Crowdsourcing survey responses using Amazon Mechanical Turk is easy. But how useful are those responses?

You never know when you might need Surveys as a Service

Crowdsourcing is a method to outsource a large number of small tasks that are typically hard to automate to an outside workforce. Amazon Mechanical Turk (also known as MTurk) is a crowdsourcing marketplace where individuals and businesses can outsource such small tasks to workers around the world.

About the article

Title	Crowdsourcing in computing education research: Case Amazon MTurk
Year	2020
Author(s)	Arto Hellas (Aalto University) Albina Zavgorodniaia (Aalto University) Juha Sorva (Aalto University)
Venue	Koli Calling ’20: Proceedings of the 20th Koli Calling International Conference on Computing Education Research

Why it matters

Crowdsourcing is especially useful for tasks that are hard to automate, like completing surveys, participating in small experiments, and annotating data for machine learning. A crowdsourcing marketplace like MTurk could therefore help researchers recruit participants for their studies.

While there is evidence that students (side note: Which are normally used for studies) and paid workers perform similarly, some report that crowdsourced data can be inaccurate or even completely invalid: up to a third of data from a crowdsourcing platform may have serious quality issues!
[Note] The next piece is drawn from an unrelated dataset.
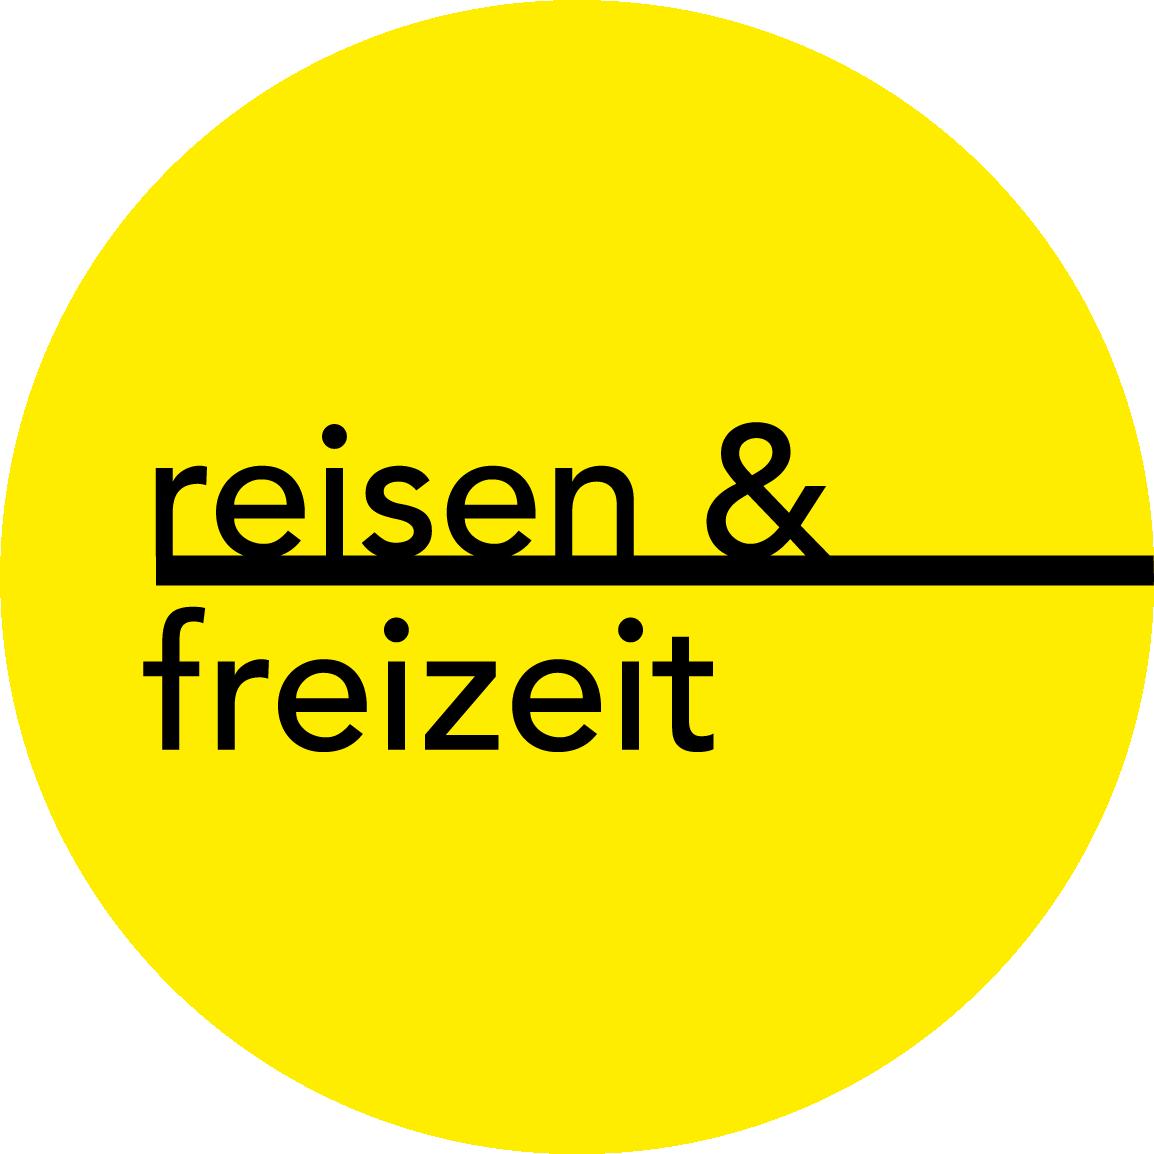 Wohnmobile Saarland auf der Reisen & Freizeit 2020

This paper therefore aims to provide an overview of how paid crowdsourcing for computing education research (side note: In this field you’ll also find studies on best practices for computer programming.) works in practice.
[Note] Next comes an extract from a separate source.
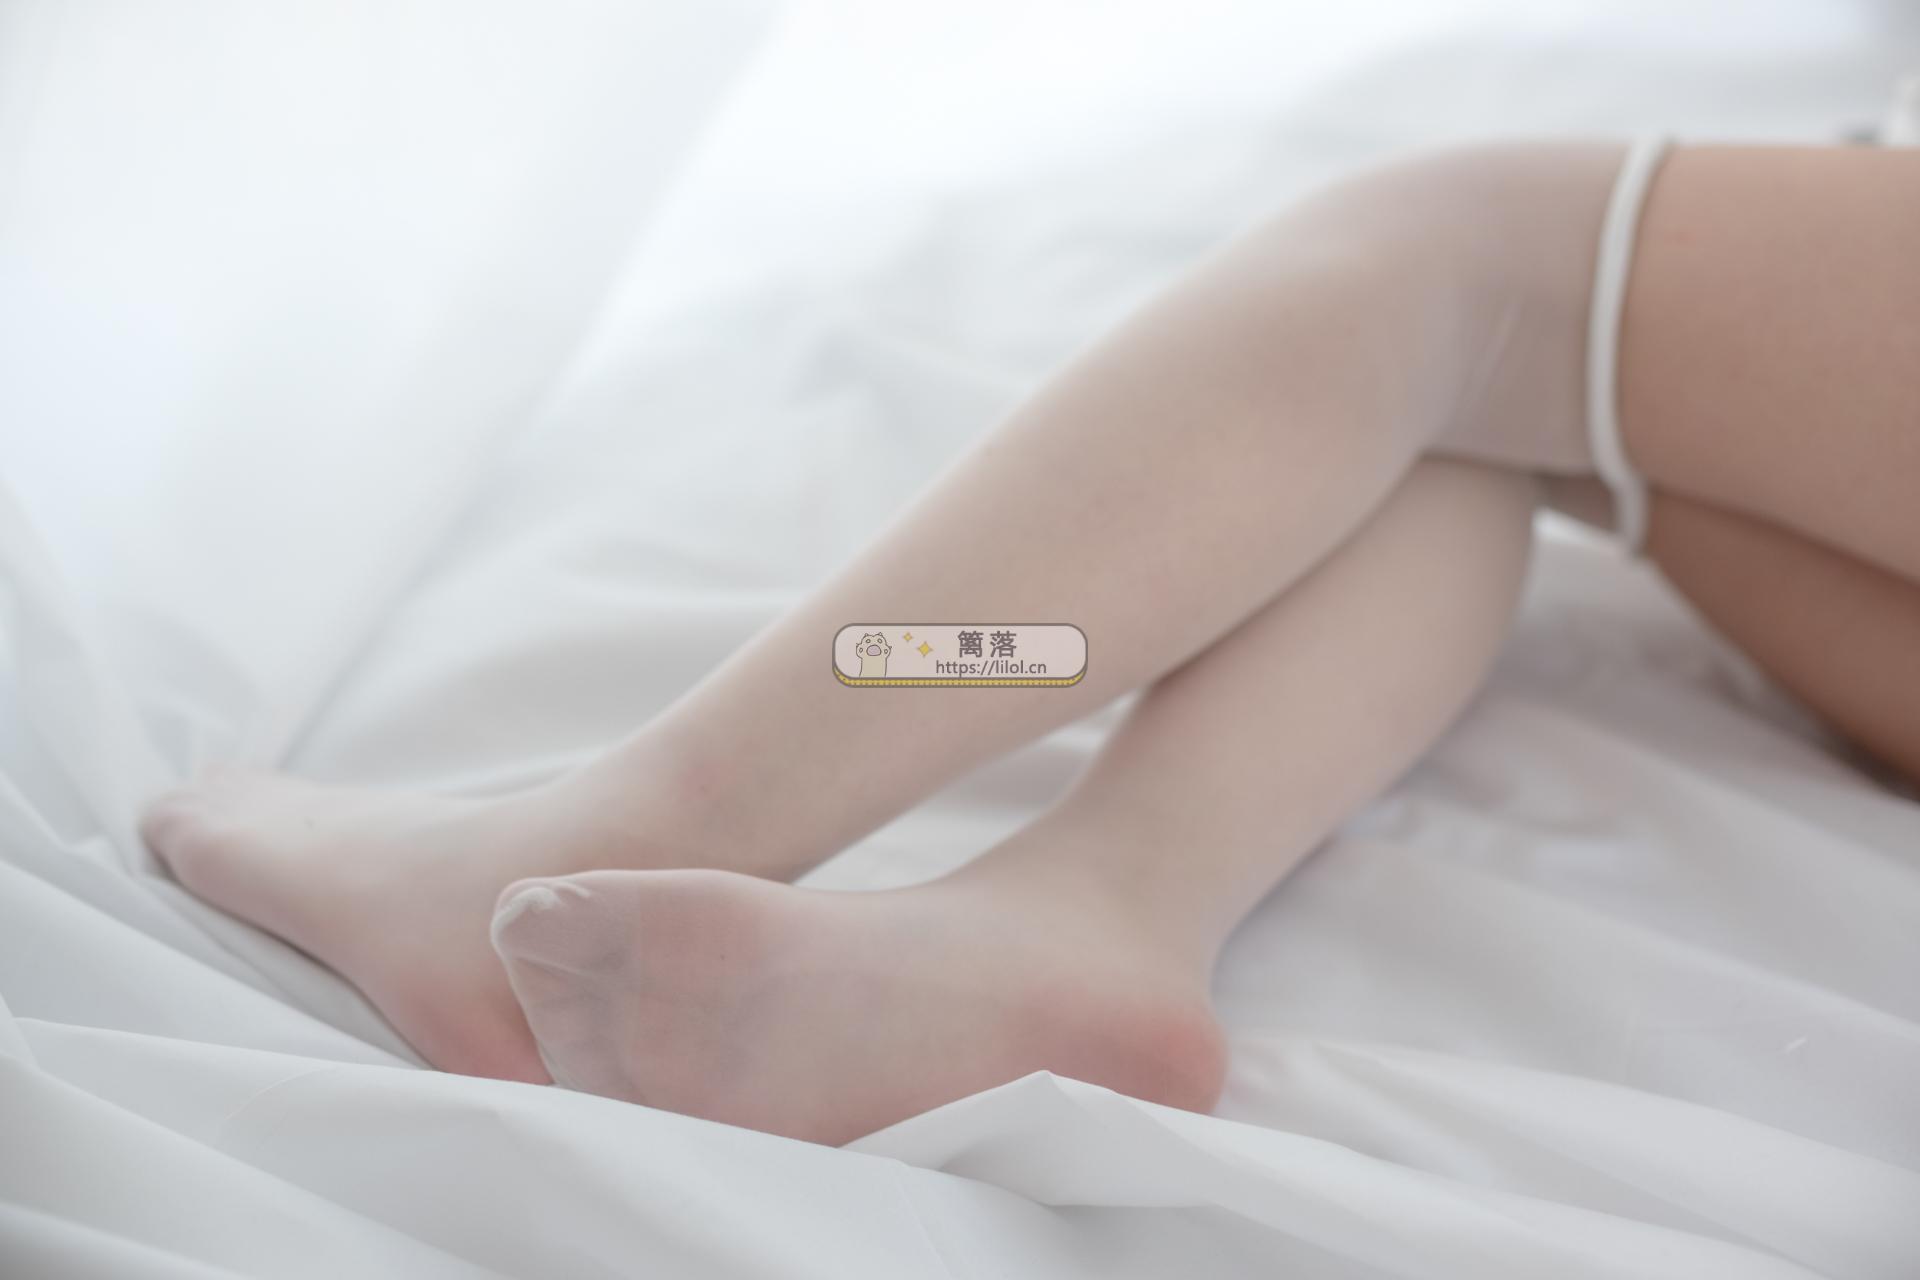 【R15系列】森萝财团写真 R15-046 JK制服超薄白丝裸足黑长直高中生[110图-0视频-466MB] R15系列 第2张

How the study was conducted

The paper consists of two parts.

In the first part, the authors discuss the results of a literature review on crowdsourced research in computing education research.

The second part describes the authors’ experiences with one of their own crowsourcing-based projects. Their study was aimed at non-programmers and included a 45-minute long experiment that consists of three parts:

a demographic survey;
a randomly selected instructional 24-minute video on programming;
a post-test and a few additional survey items.

What discoveries were made

The paper includes some lessons learnt that are primarily interesting if you intend to conduct your own study using the MTurk marketplace in the near future.

Review on crowdsourcing studies

The review shows that crowdsourcing studies can generally be grouped into two categories:

surveys, many for program comprehension studies about the understandability or quality of code or studies about developers’ preferences;
system evaluations, in which participants are asked to work with an external system (side note: Some examples include algorithmic visualisations, teaching approaches for programming, and IDE tooling innovations) for a short period and then answer a few questions in a survey.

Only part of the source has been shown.